Abstract Background: Lipid accumulation product (LAP), a simple and low-cost tool, is a novel biomarker of central lipid accumulation and represents a potential surrogate marker for atherogenic lipoprotein profile. However, its association with lipoprotein subfractions has not been described in the literature. Objective: To determine whether LAP index could be used as a marker of low- and high-density lipoprotein (LDL and HDL) size in Brazilian individuals. Methods: This cross-sectional study included patients (n = 351) of both sexes and age between 30-74 years. Clinical and sociodemographic data and family history of diseases were evaluated. Lipoprotein size, and levels of total cholesterol (TC), lipoproteins, apolipoprotein AI and B (APO AI/APO B), glucose, insulin, insulin resistance index (HOMA-IR) and non-esterified fatty acids (NEFA) were assessed in blood samples. LAP was calculated by the formulas [(waist circumference[cm]-58) × (triglycerides[mmol/L]) for women and (waist circumference [cm]-65) × (triglycerides [mmol/L]) for men]. The association between LAP and metabolic parameters were tested by linear trend (general linear model, GLM test) before and after multiple adjustments for potential confounders (sex, age, smoking, statin, fibrate, and hypoglycemic drugs) at significant level p < 0.05. Results: LAP was positively associated with TC, APO B, NEFA, glucose, insulin and HOMA-IR values, and negatively associated with HDL-C. Higher central lipid accumulation was corelated with higher percentage of intermediate HDL and of small LDL and HDL and less amount of large HDL. LDL size was also reduced in greater LAP index values. The negative impact of LAP was maintained after adjustment for multiple variables. Conclusion: LAP was robustly associated with atherogenic profile of lipoprotein subfractions, independently of multiple confounders.

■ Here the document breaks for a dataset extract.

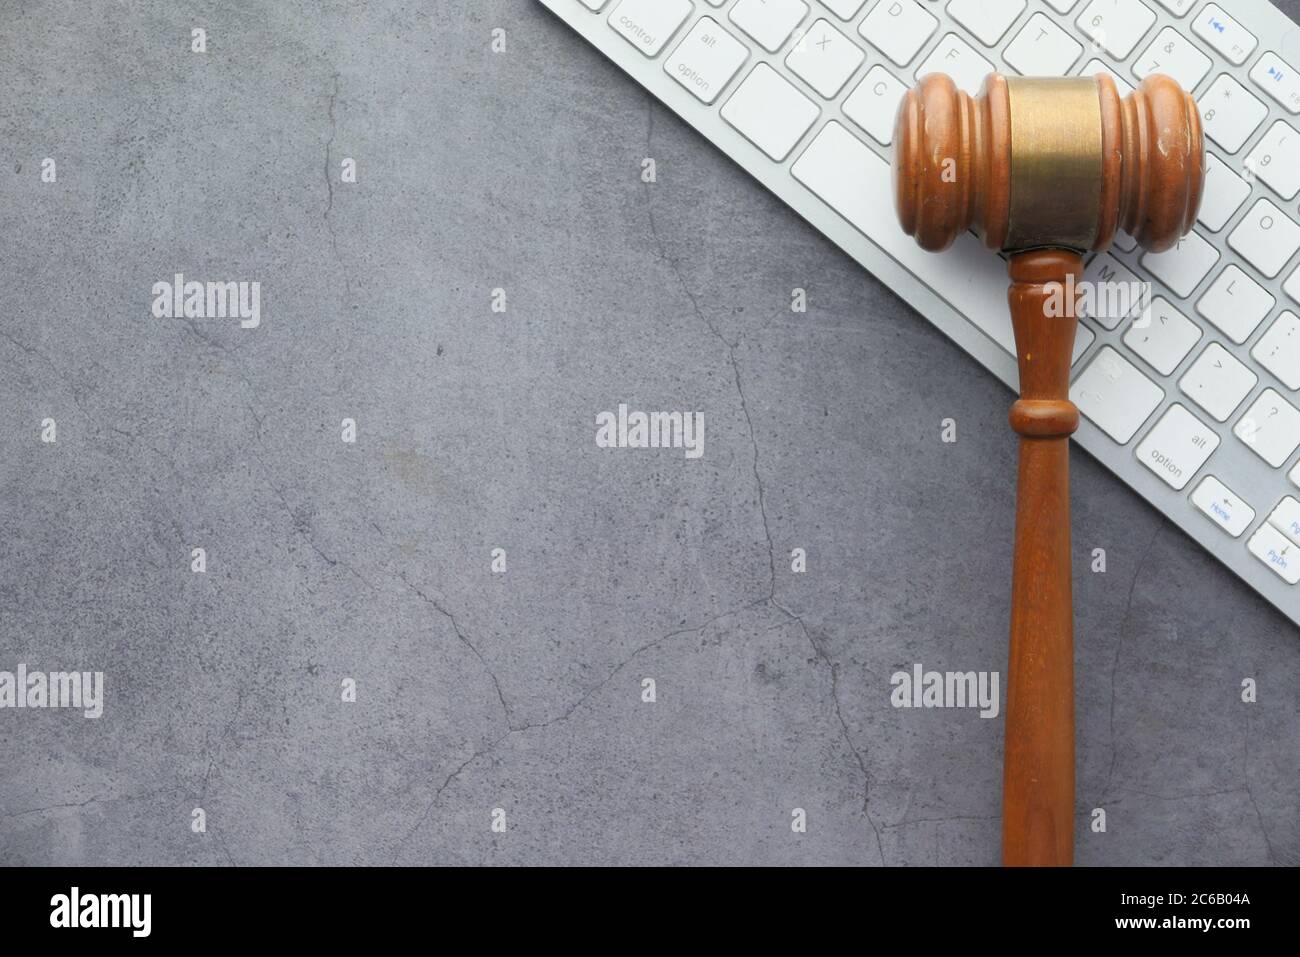 gavel on keyboard on black background with copy space  Stock Photo
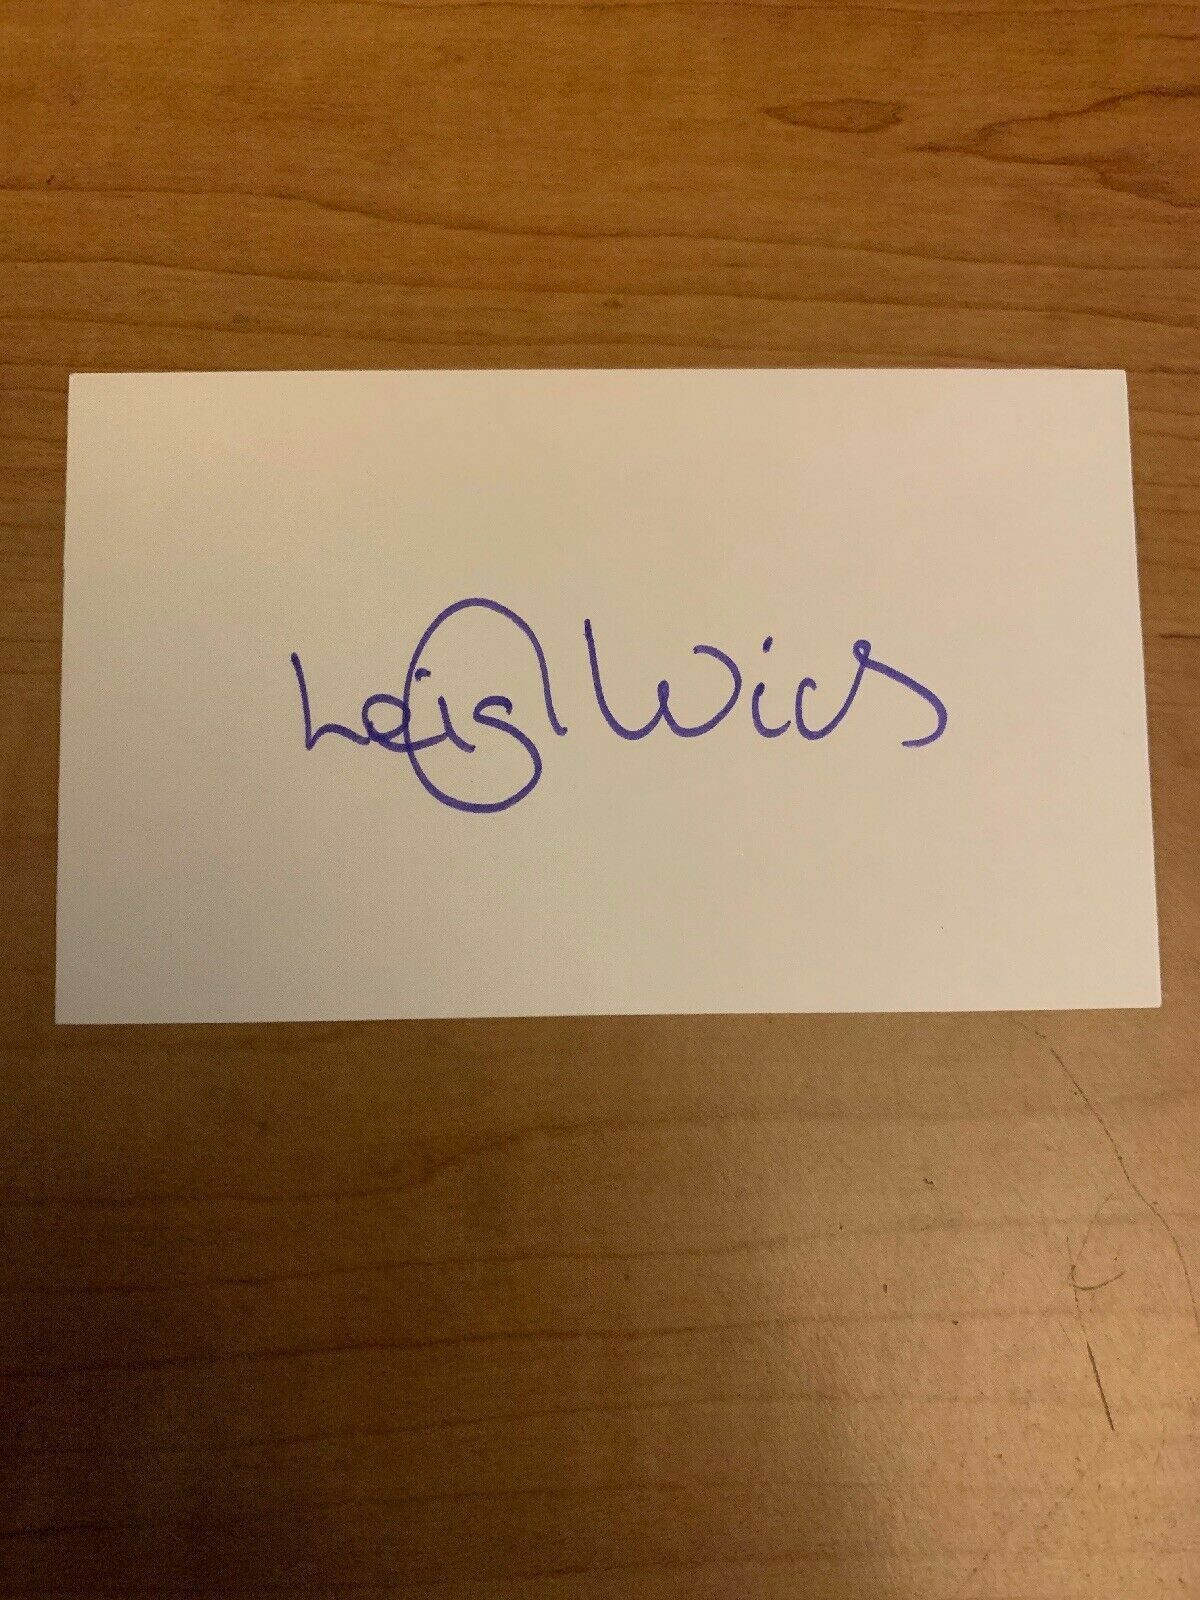 LEIGH WICKS - BOXER - AUTHENTIC AUTOGRAPH SIGNED- B5168

Resumo Fundamento: O produto de acumulação lipídica (LAP), um instrumento simples e de baixo custo, é um novo biomarcador de acúmulo de gordura central e representa um marcador substituto potencial para o perfil aterogênico de lipoproteínas. No entanto, sua associação com subfrações de lipoproteínas ainda não foi descrita na literatura. Objetivo: Determinar se o LAP pode ser usado como um marcador de tamanho da lipoproteína de baixa densidade (LDL) e de alta densidade (HDL) em indivíduos brasileiros. Métodos: Este estudo transversal incluiu 351 pacientes de ambos os sexos e idade entre 30 e 74 anos. Dados clínicos e sociodemográficos e história familiar de doenças foram avaliados. O tamanho das lipoproteínas, e níveis de colesterol total (CT), lipoproteínas, apolipoproteína AI e B (APO AI/APO B), glicose, ácidos graxos não esterificados (AGNEs) e insulina, e índice de resistência insulínica (HOMA-IR) foram avaliados em amostras de sangue. O LAP foi calculado utilizando-se as fórmulas (circunferência da cintura (cm]-58) × (triglicerídeos[mmol/L]) para mulheres e (circunferência da cintura[cm]-65) × (triglicerídeos [mmol/L]) para homens. Associações entre LAP e parâmetros metabólicos foram testadas por tendência linear (modelo linear generalizado, GLM) antes e após ajustes por fatores de confusão (sexo, idade, tabagismo, uso de estatinas, fibratos e hipoglicemiantes) ao nível de significância de p < 0,05). Resultados: LAP apresentou uma associação positiva com CT, APO B, AGNEs, glicose, insulina, HOMA-IR, e uma associação negativa com HDL-C. Maior acúmulo de gordura central correlacionou-se com maior porcentagem de HDL intermediária e de partículas pequenas de LDL e HDL, e menor porcentagem de HDL grande. O tamanho da LDL também era reduzido em valores de LAP mais elevados. O impacto negativo do LAP foi mantido após ajuste para múltiplas variáveis. Conclusão: o LAP esteve fortemente associado com o perfil aterogênico de subfrações de lipoproteínas, independetemente dos fatores de confusão.